# WHAT IS EXPECTED
Although the data below holds other lines too, output only those from the line with "Verkäuferin bedient Digital" up to and including the line with "THENICE全乾式防霧浮潛面罩及包裝配件- Outlet Express", exactly as they appear.

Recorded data
----

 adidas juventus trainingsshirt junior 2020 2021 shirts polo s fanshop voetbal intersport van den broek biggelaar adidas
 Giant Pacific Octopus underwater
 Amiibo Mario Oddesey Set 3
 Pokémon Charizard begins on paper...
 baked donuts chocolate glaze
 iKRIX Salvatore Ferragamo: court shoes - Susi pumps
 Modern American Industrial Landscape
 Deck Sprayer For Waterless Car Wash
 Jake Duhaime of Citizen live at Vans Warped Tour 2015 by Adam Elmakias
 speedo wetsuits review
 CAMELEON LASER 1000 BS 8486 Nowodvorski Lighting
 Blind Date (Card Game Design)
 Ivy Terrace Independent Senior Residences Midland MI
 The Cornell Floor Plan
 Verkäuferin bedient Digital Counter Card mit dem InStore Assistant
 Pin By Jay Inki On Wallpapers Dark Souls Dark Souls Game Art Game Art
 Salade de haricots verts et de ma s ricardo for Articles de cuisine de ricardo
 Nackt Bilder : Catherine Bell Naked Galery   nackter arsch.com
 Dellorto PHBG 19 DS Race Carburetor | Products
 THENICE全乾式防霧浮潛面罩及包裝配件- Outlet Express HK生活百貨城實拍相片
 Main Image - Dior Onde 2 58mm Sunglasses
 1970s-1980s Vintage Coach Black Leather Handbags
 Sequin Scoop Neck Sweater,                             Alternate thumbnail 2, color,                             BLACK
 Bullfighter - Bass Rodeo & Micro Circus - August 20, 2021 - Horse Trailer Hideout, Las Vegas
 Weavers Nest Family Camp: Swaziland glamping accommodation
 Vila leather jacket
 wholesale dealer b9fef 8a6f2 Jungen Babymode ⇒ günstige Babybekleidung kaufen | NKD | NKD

----

# TASK SOLUTION
 Verkäuferin bedient Digital Counter Card mit dem InStore Assistant
 Pin By Jay Inki On Wallpapers Dark Souls Dark Souls Game Art Game Art
 Salade de haricots verts et de ma s ricardo for Articles de cuisine de ricardo
 Nackt Bilder : Catherine Bell Naked Galery   nackter arsch.com
 Dellorto PHBG 19 DS Race Carburetor | Products
 THENICE全乾式防霧浮潛面罩及包裝配件- Outlet Express HK生活百貨城實拍相片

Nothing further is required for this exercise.